Ему захотелось убить ее, стереть - толстую, плосколицую женщину, расположившуюся у него в доме, у него в комнате. Свою сестру.
Он сказал:
- Мне ничего не надо, распорядись как знаешь, это твое личное дело. У меня здесь все есть, мне решительно ничего не надо.
- Дом продан. Я взяла это на себя.
Он поежился.
- Лучше б ты забрал что тебе причитается, я хочу, чтобы все было по справедливости. Нас только двое на свете. Приехал бы и посмотрел.
- Нет.
Он вдруг вспомнил вещи из дома в Кенте, вещи, до которых дотрагивался, которые видел каждый день все свои детские годы - узоры ковров, шишечки кресел, больше ему на них не хотелось смотреть.
- У меня тут все есть.
Она снова начала озираться - хозяйка антикварного магазина, - и Самервилу захотелось все спрятать от нее, затворить дверцы шкафов и горок, затворить веками собственные глаза.
- Что ж, меня-то ты этим не удивишь. Оригинальничаешь по своему обыкновению. Меня-то ты ничем поразить не можешь.
Он старался объяснить ей, что ему безразлично ее мнение, что лучше всего ей вообще выкинуть его из головы, но он ничего не мог из себя выдавить, только повторял: "У меня все есть. Мне ничего не надо".
Она осталась еще на день, и мучительно трудно было это выносить, выносить ее запах в доме, слышать, как шелестят, трутся одна о другую ее ноги в шелковых чулках при ходьбе.
Она сказала:
- Снес бы ты эту стену, расширил бы гостиную.

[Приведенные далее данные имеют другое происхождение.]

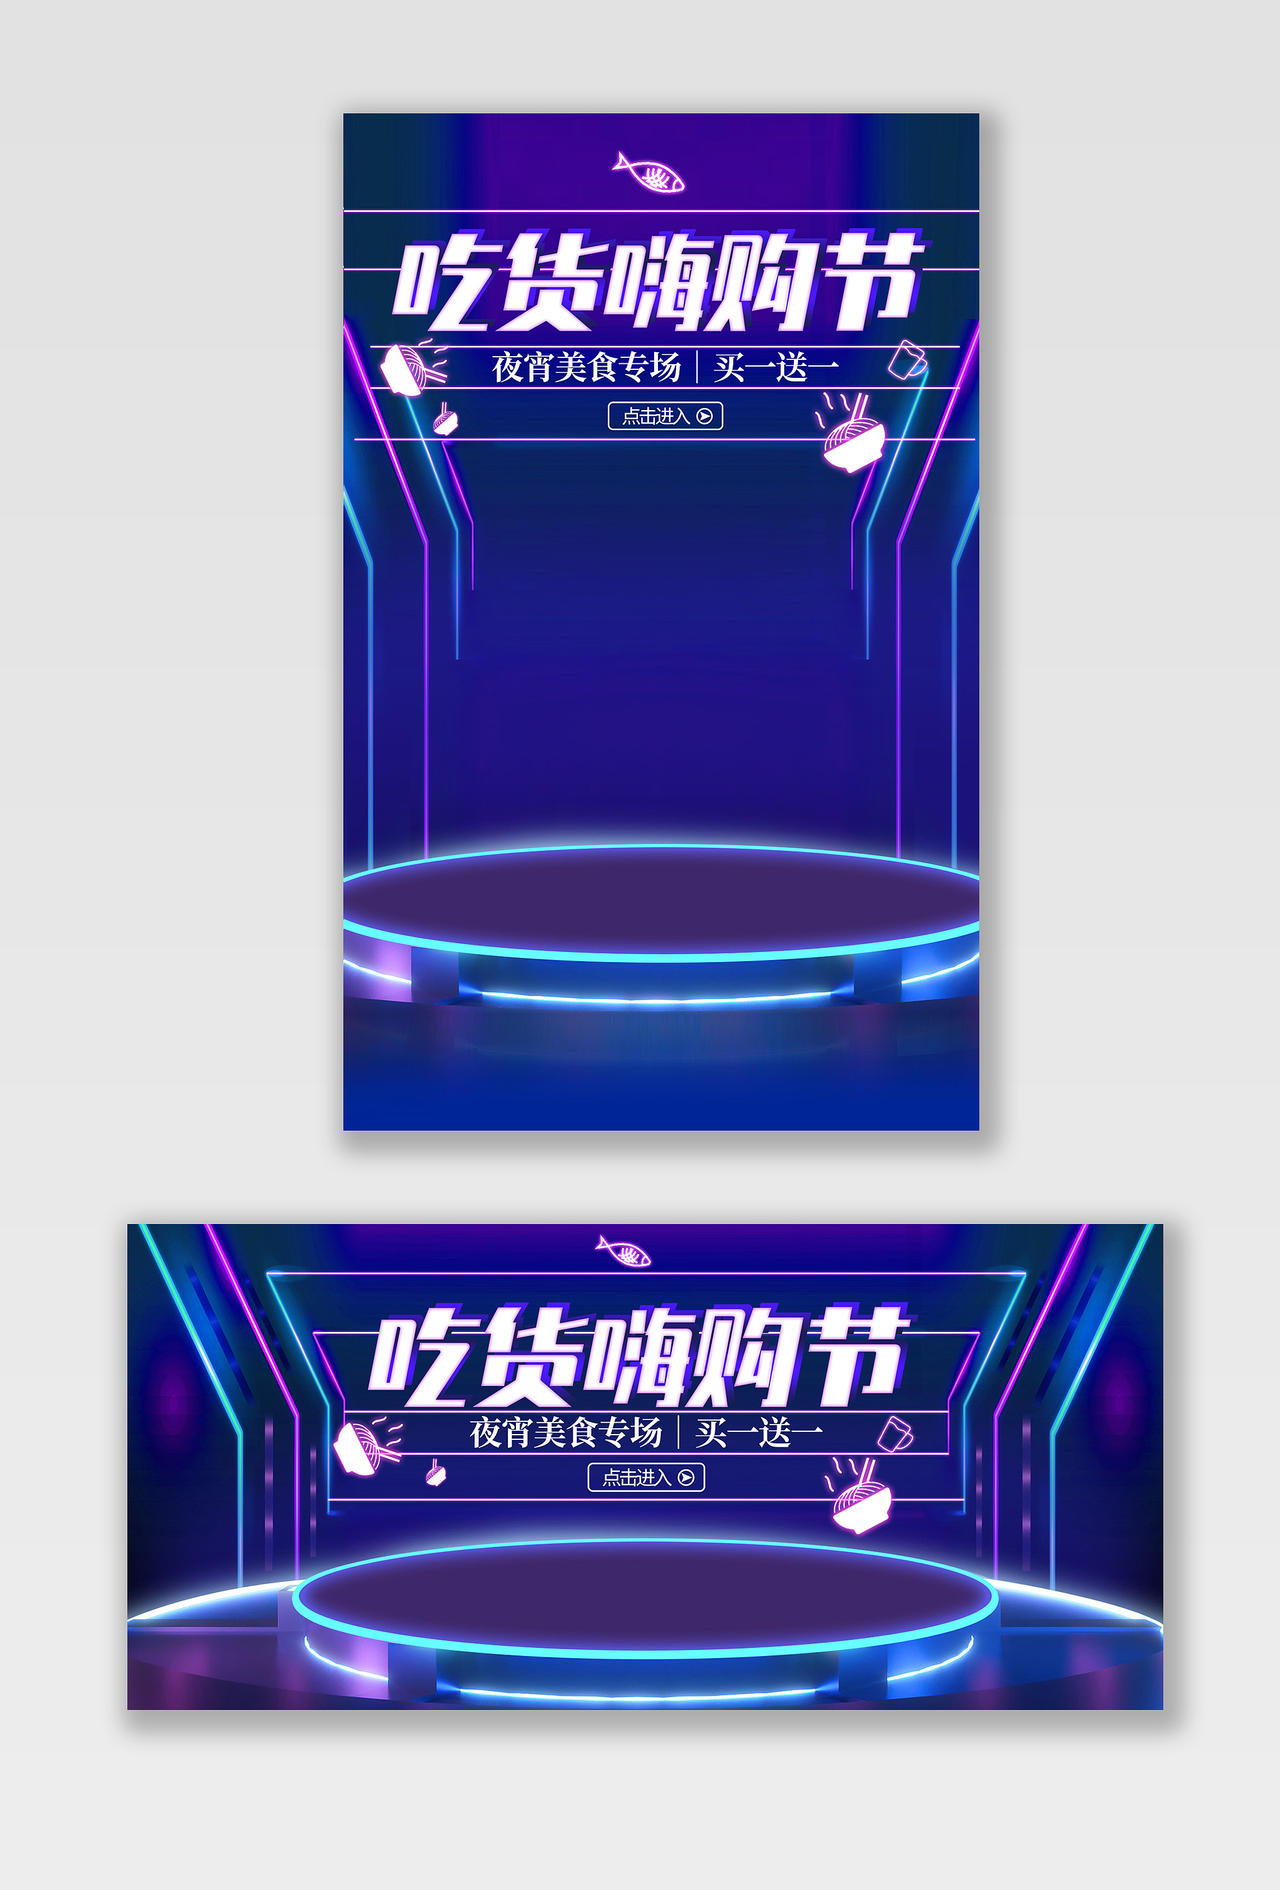 电商蓝色科技淘宝天猫717吃货节海报banner模板

- Вымостил бы ты эту лужайку, приаккуратил бы все, самому было б проще.
- Надо бы все это застраховать.
- Ты хорошо устроился. Но ведь у тебя никогда не было никаких обязанностей, семейных забот.
Хотя у самой у нее муж умер еще до войны, не прожив с нею и года, не оставив детей, не оставив по себе никакого следа. Она сказала:
- А ты помнишь этого твоего давнишнего знакомого? Этого Бартона?
Когда она уехала, он поднялся к ней в спальню и обнаружил на туалетном столике волоски: серые, сухие, ломкие - неживые. У него тряслись руки.
Потом неделями он каждый день просыпался и слушал ветер и стук листвы и наслаждался чувством вновь обретенной свободы, пустотой в доме, радостно оглядывал книги на полках и рядами развешенные по стенам окантованные рисунки Бартона углем, всматривался в прохладный пролет между буками, ведущий к озеру. И думал: "Я тут, я один, у меня есть все. Никто не придет".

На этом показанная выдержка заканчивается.